# How far to good blue water?



## hjorgan (Sep 30, 2007)

Anyone been past the Edge and found any blue water? I don't have a subscription to any good services for such, and trust first-hand advice.
Thanks!


----------



## JVT (Jun 5, 2009)

Hilton's is showing a good line of blue water starting about 8 miles E/SE of the Nipple and running SW to the Steps and Petronius and Ram Powell. 

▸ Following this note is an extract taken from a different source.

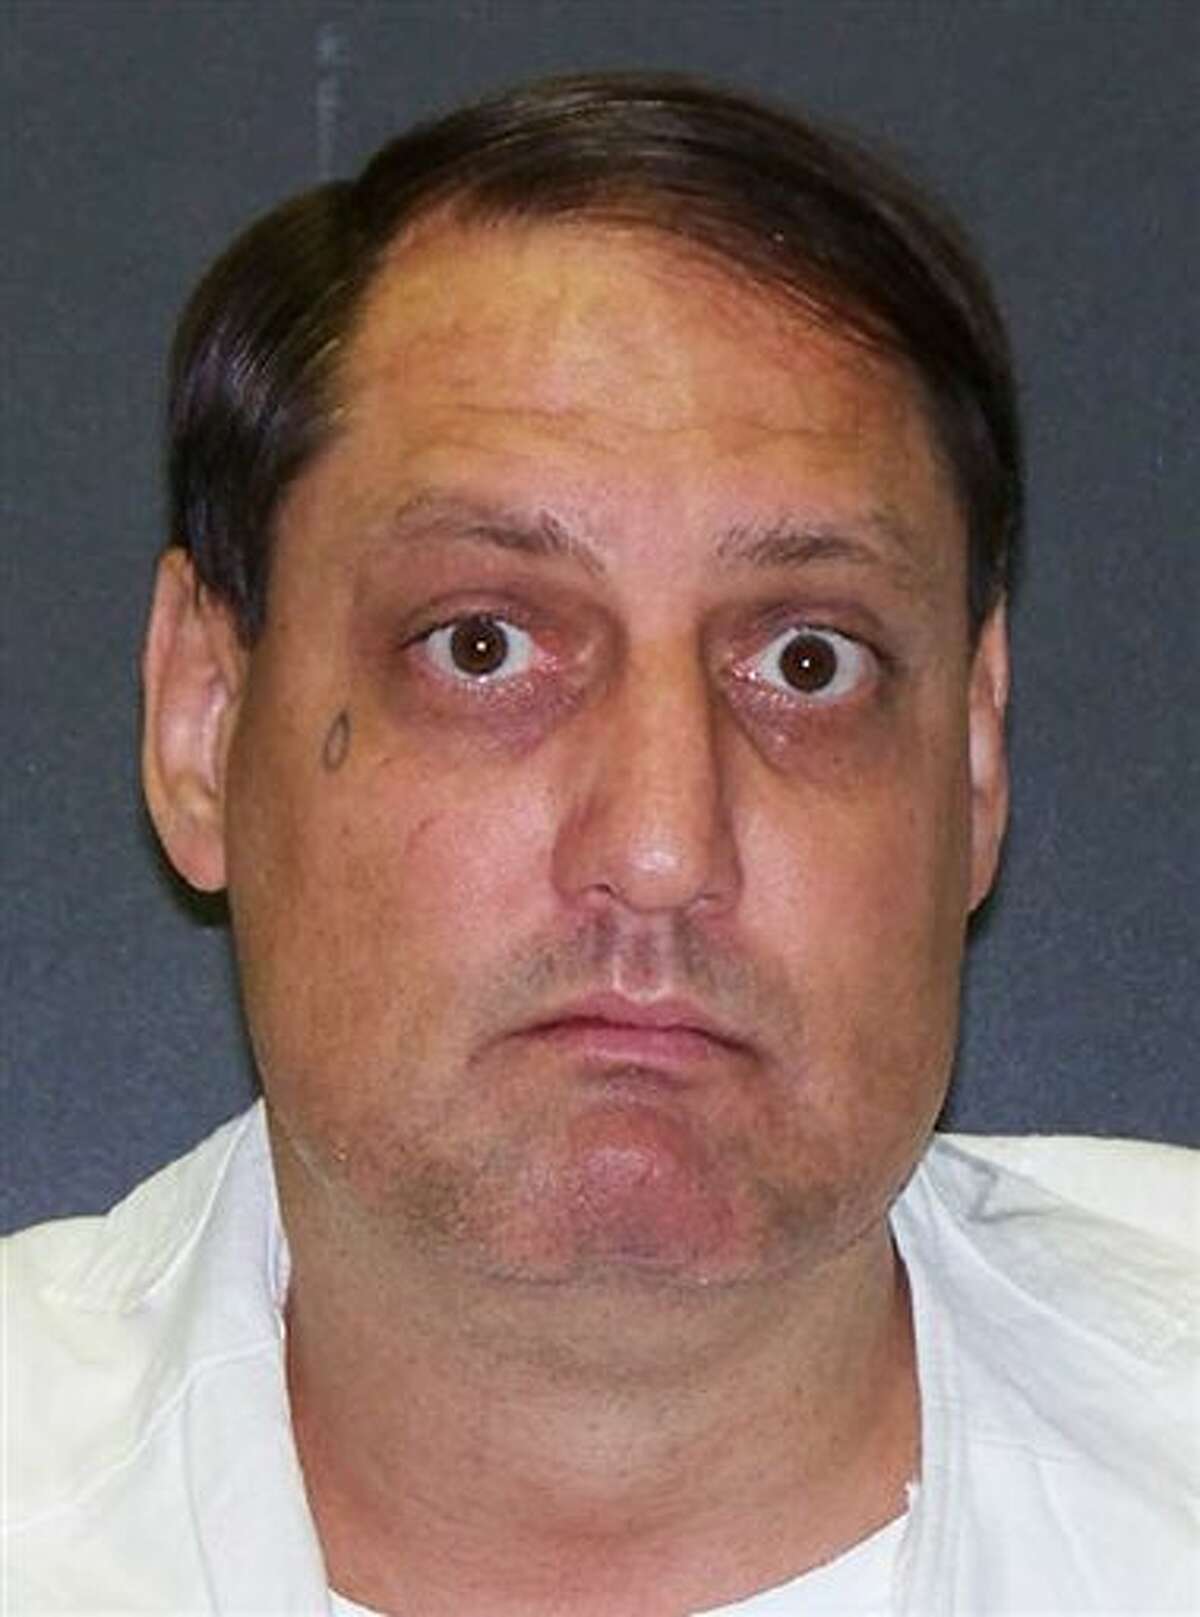 This photo provided by the Texas Department of Criminal Justice shows Jamie McCoskey. McCoskey,49, is scheduled to be executed Tuesday, Nov. 12, 2013 for abducting a Houston couple 22 years ago this week, killing a 21-year-old art student and raping the man’s pregnant fiancé. (AP Photo/Texas Department of Criminal Justice)

Based on yesterday evening's shot closest blue water is about 43 nm SE of Perdido Pass...about 5 miles SE of 131 Hole.


----------



## hjorgan (Sep 30, 2007)

JVT said:


> Hilton's is showing a good line of blue water starting about 8 miles E/SE of the Nipple and running SW to the Steps and Petronius and Ram Powell.
> 
> Based on yesterday evening's shot closest blue water is about 43 nm SE of Perdido Pass...about 5 miles SE of 131 Hole.


Thank you sir!


----------



## Keithcooking (Jun 24, 2015)

http://optics.marine.usf.edu/cgi-bi...=1#A20152242015230.1KM.GCOOS.7DAY.L3D.OCI.png. free website for blue water


----------



## badonskybuccaneers (Aug 19, 2013)




----------



## hjorgan (Sep 30, 2007)

Thanks. I have much to learn about trolling. I'm a bottom feeder. i assume the blue is Blue Water?


----------



## team_A_II (Mar 31, 2009)

hjorgan said:


> Thanks. I have much to learn about trolling. I'm a bottom feeder. i assume the blue is Blue Water?


How'd you guess?


----------



## hjorgan (Sep 30, 2007)

Member of Menza... gifted I guess. See ya'll out there.


----------



## uscmas412 (Feb 15, 2014)

I looked at Hiltons Offshore chart archive for the past few years, it doesn't look like blue water comes in close (less than 50nm) very often. Is it fairly typical to have to travel 80-100nm to find fish?


----------



## SnapperSlapper (Feb 13, 2009)

Yes.


----------



## marksnet (Aug 22, 2014)

Saturday it was dirty at the Ram and Marlin but cleaned up between there and the Horn Mountain.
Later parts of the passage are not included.